### INFORMATION GIVEN
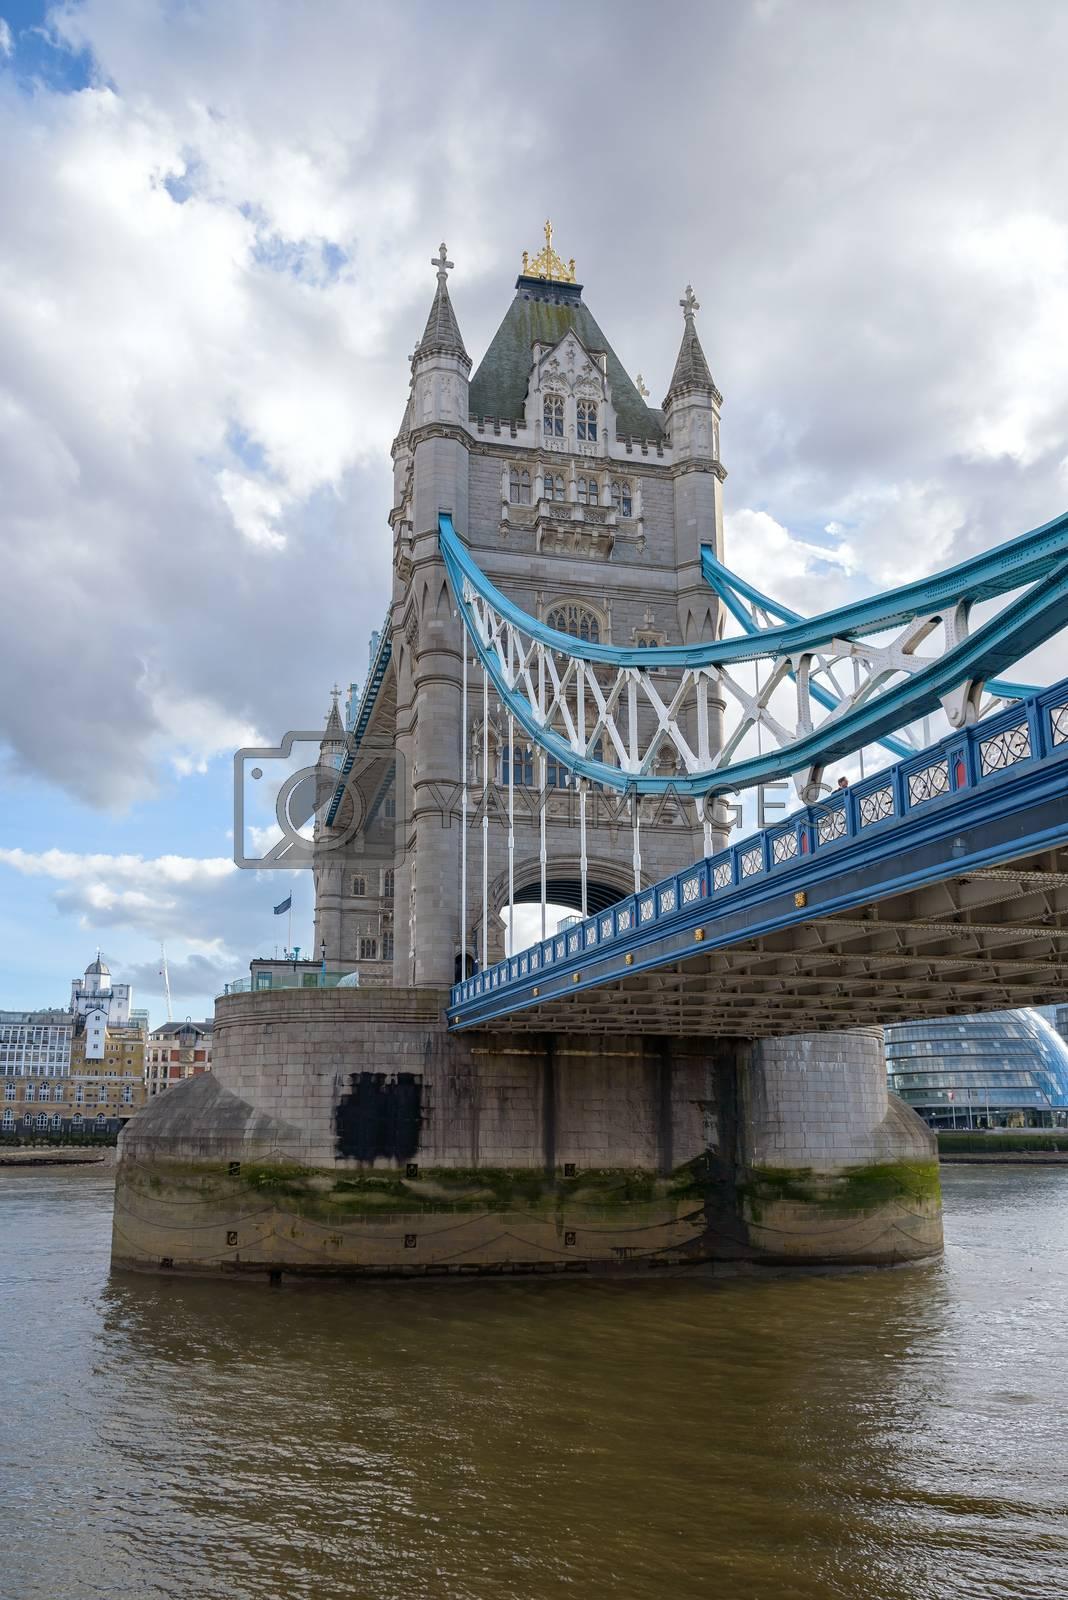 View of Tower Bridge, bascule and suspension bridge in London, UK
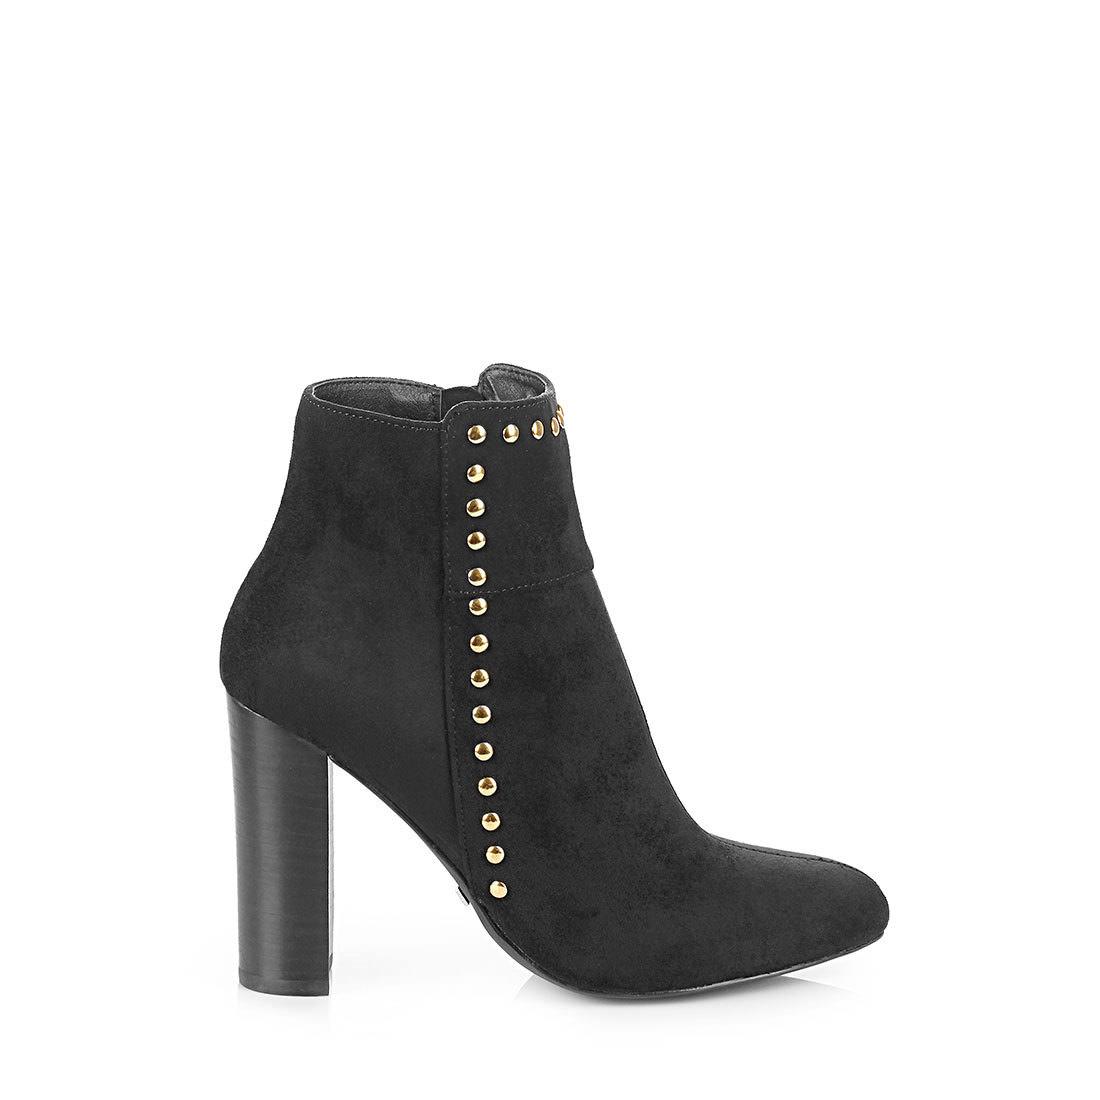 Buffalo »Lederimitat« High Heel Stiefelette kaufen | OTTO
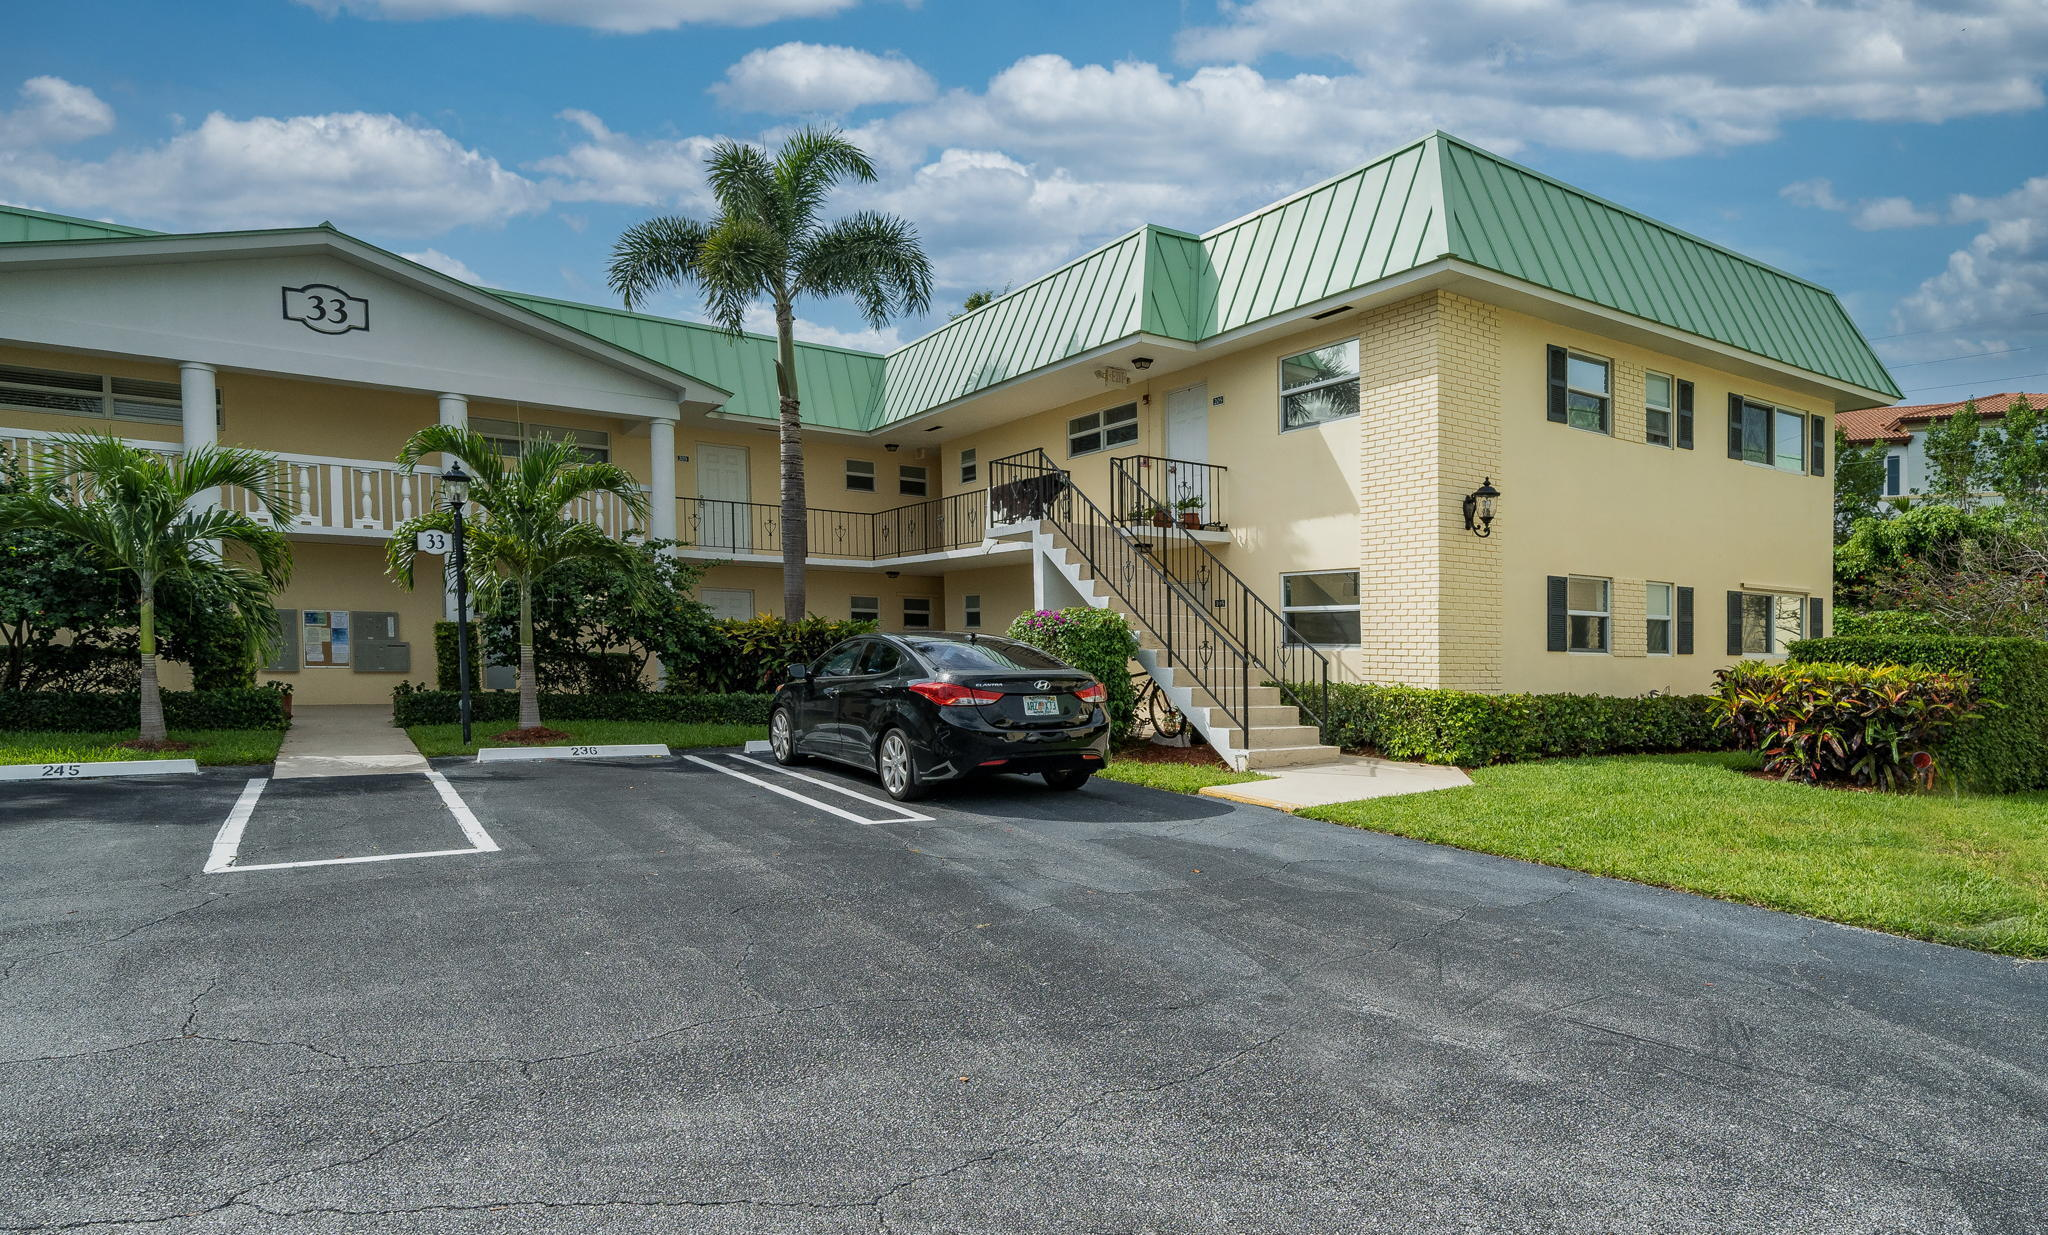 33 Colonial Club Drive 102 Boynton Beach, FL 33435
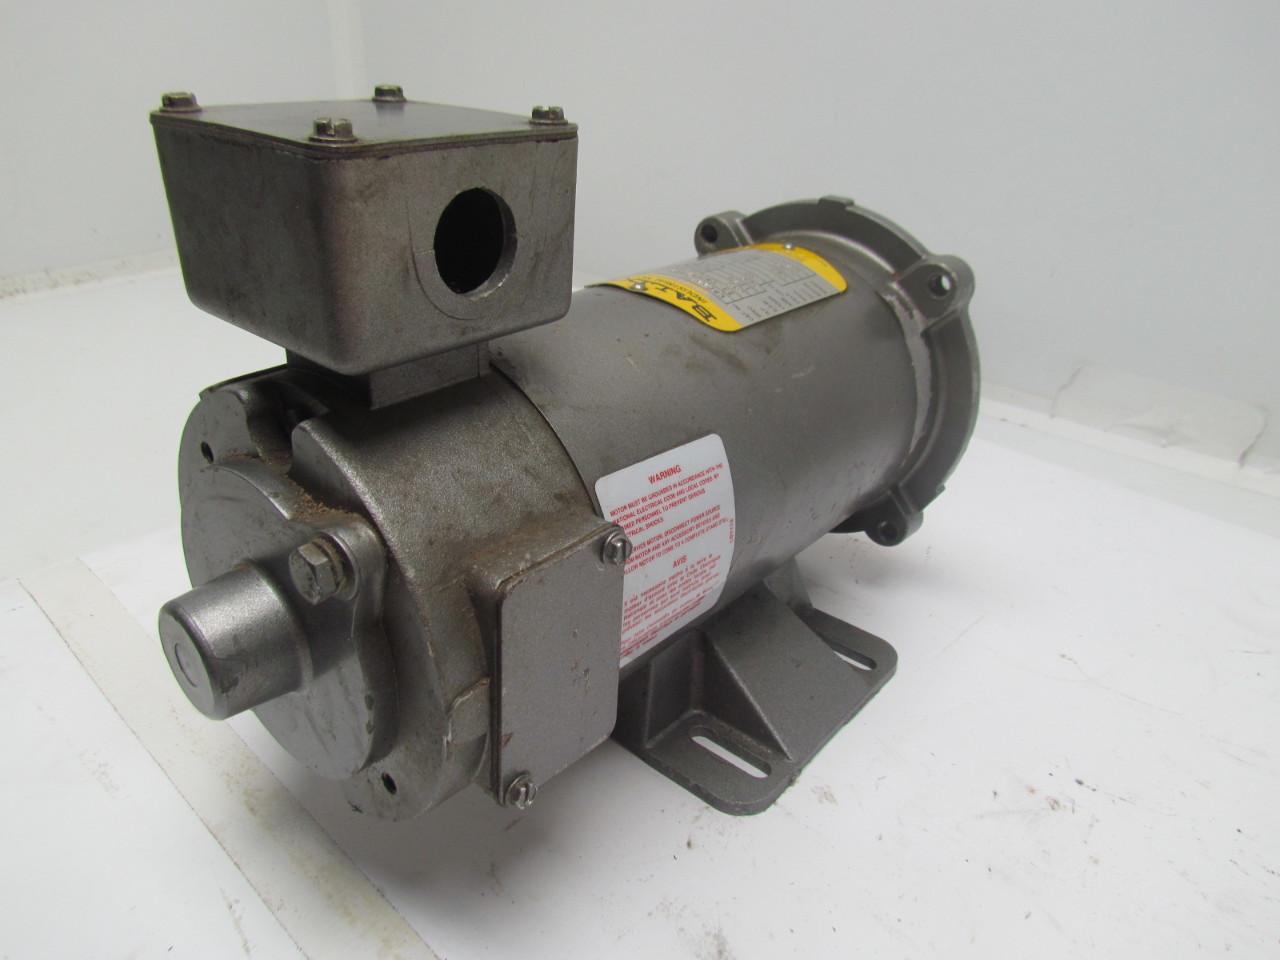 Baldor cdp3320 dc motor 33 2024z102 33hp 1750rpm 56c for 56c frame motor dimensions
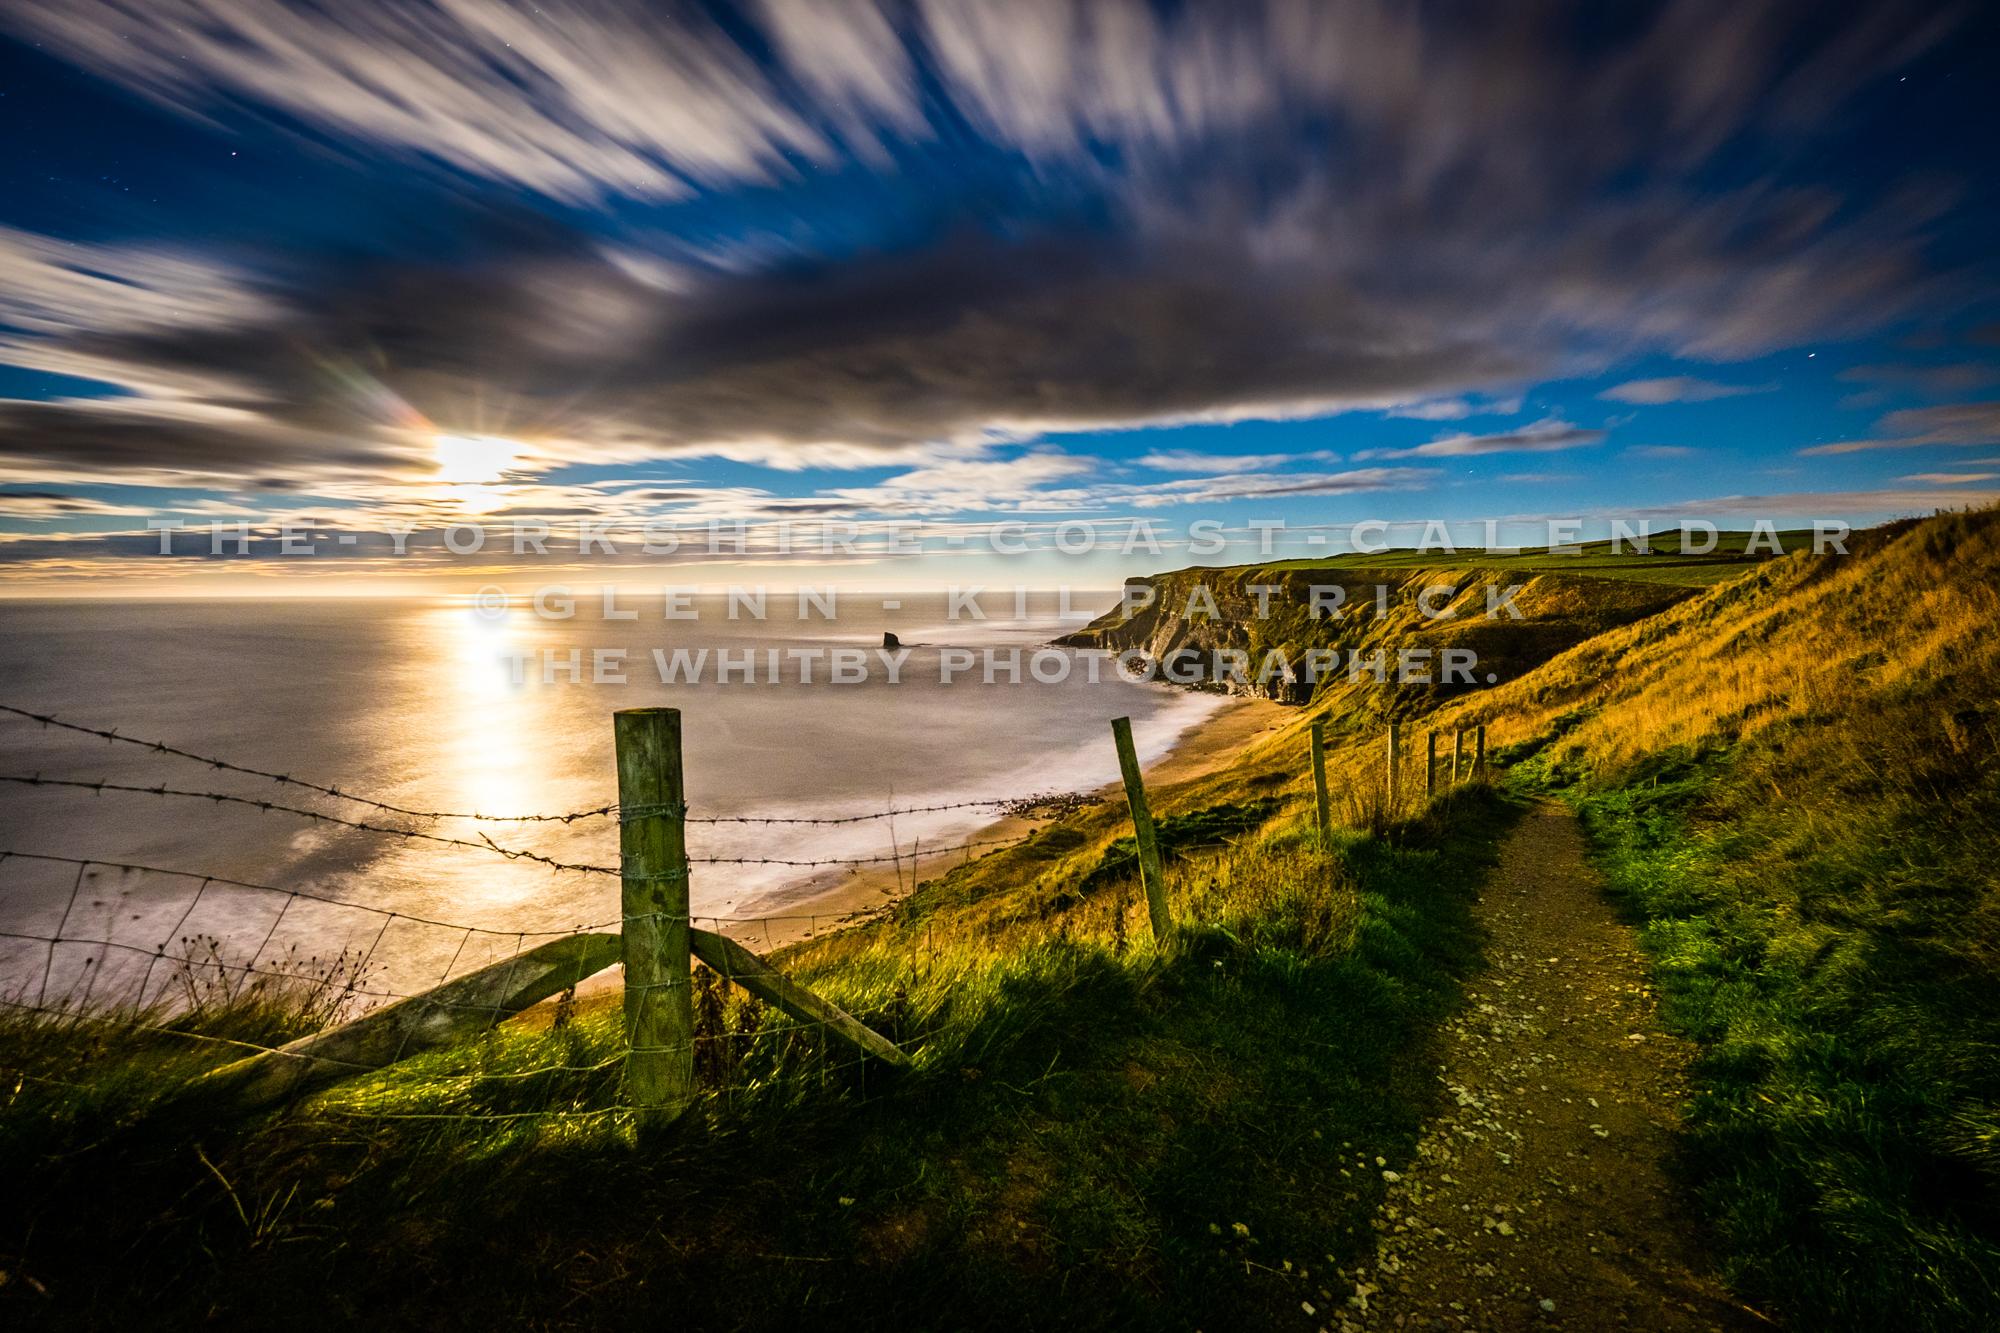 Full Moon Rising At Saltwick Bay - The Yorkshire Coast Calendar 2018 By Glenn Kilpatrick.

### WORK INSTRUCTION
Output every record above exactly as written, but skip the pictures.

### TASK SOLUTION
 View of Tower Bridge, bascule and suspension bridge in London, UK
 Buffalo »Lederimitat« High Heel Stiefelette kaufen | OTTO
 33 Colonial Club Drive 102 Boynton Beach, FL 33435
 Baldor cdp3320 dc motor 33 2024z102 33hp 1750rpm 56c for 56c frame motor dimensions
 Full Moon Rising At Saltwick Bay - The Yorkshire Coast Calendar 2018 By Glenn Kilpatrick.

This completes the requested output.